1. NAME_TYPE_SUITE_app (MCAR) : no pattern / correlation with its own column or other columns (heatmaps and bar charts) => Complete case analysis
2. OCCUPATION_TYPE_app (MCAR) : no pattern / correlation with its own column or other columns (heatmaps and bar charts) => Complete case analysis => considerable amount of rows => Column detetion
3. FONDKAPREMONT_MODE_app, HOUSETYPE_MODE_app, WALLSMATERIAL_MODE_app, EMERGENCYSTATE_MODE_app (MAR) : pattern / correlation between the columns => Single imputation methods not valid => Multiple imputation needed => less directly applicable to categorical data than on numerical data => Column deletion
4. SK_ID_BUREAU_bur (MAR) : due to initial aggregation performed in order to do the grouping => Single imputation value ("missing") as we only use the variable for feature engineering purposes

In [None]:
data = data.dropna(subset=['NAME_TYPE_SUITE_app'])
columns_to_remove = ['FONDKAPREMONT_MODE_app', 'HOUSETYPE_MODE_app', 'WALLSMATERIAL_MODE_app', 'EMERGENCYSTATE_MODE_app','OCCUPATION_TYPE_app']
data = data.drop(columns=columns_to_remove)
data['SK_ID_BUREAU_bur'] = data['SK_ID_BUREAU_bur'].fillna('missing')
print("Shape " + str(data.shape))

In [None]:
cat_list, dis_num_list, num_list = feature_type_split(data) 
print(str(len(cat_list)),'categorical features:', cat_list)
print('-----------------------------------------')
print(str(len(dis_num_list)),'discrete numerical features:',dis_num_list)
print('-----------------------------------------')
print(str(len(num_list)),'continuous numerical features:',num_list)

In [None]:
plt.figure(figsize=(18, 8))
colours = [ 'seagreen','#34495E'] 
sns.heatmap(data[cat_list].isnull(), cmap=sns.color_palette(colours))
plt.title('Heatmap of Missing Values for Object Columns')
plt.show()

#### 2.4 Quantitative data - NonGraphical / Graphical - Data Cleaning

In [None]:
data["DAYS_BIRTH_app"] = abs(data["DAYS_BIRTH_app"])
data["DAYS_BIRTH_app"] = data["DAYS_BIRTH_app"] / 365

fig = px.histogram(data, x='DAYS_BIRTH_app', title='Histogram of DAYS_BIRTH', width=800)
median_value = data['DAYS_BIRTH_app'].median()
mean_value = data['DAYS_BIRTH_app'].mean()
mode_value = data['DAYS_BIRTH_app'].mode()[0]
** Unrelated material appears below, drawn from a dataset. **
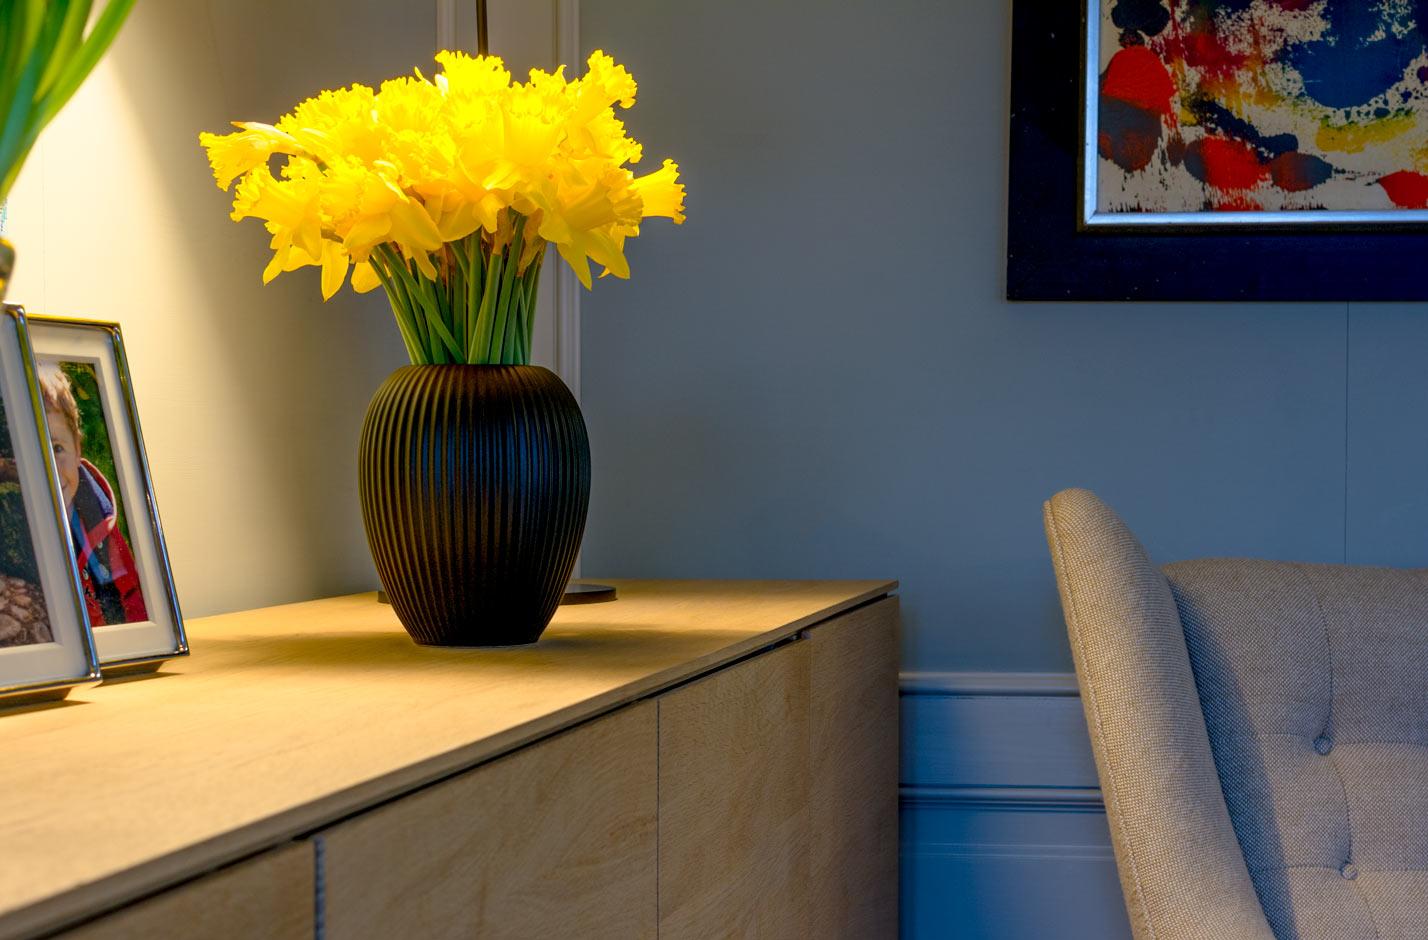 Sort vase i keramik af Michael Andersen Model 4767 størrelse 23 cm med påskeliljer på skænk

fig.add_vline(x=median_value, line_dash="dash", line_color="green", annotation_text="Median",annotation_font=dict(size=4))
fig.add_vline(x=mean_value, line_dash="dash", line_color="blue", annotation_text="Mean", annotation_font=dict(size=4))
fig.add_vline(x=mode_value, line_dash="dash", line_color="red", annotation_text="Mode", annotation_font=dict(size=4))

fig.show() 

In [None]:
for column in data.select_dtypes(include=['number']).columns:
    data[column] = data[column].apply(lambda x: abs(x) if x != 0 else 0)

In [None]:
cat_list, dis_num_list, num_list = feature_type_split(data)
for col in dis_num_list + num_list:
    if data[col].dtype == 'object':
        data[col] = data[col].apply(lambda x: x.strip() if isinstance(x, str) else x)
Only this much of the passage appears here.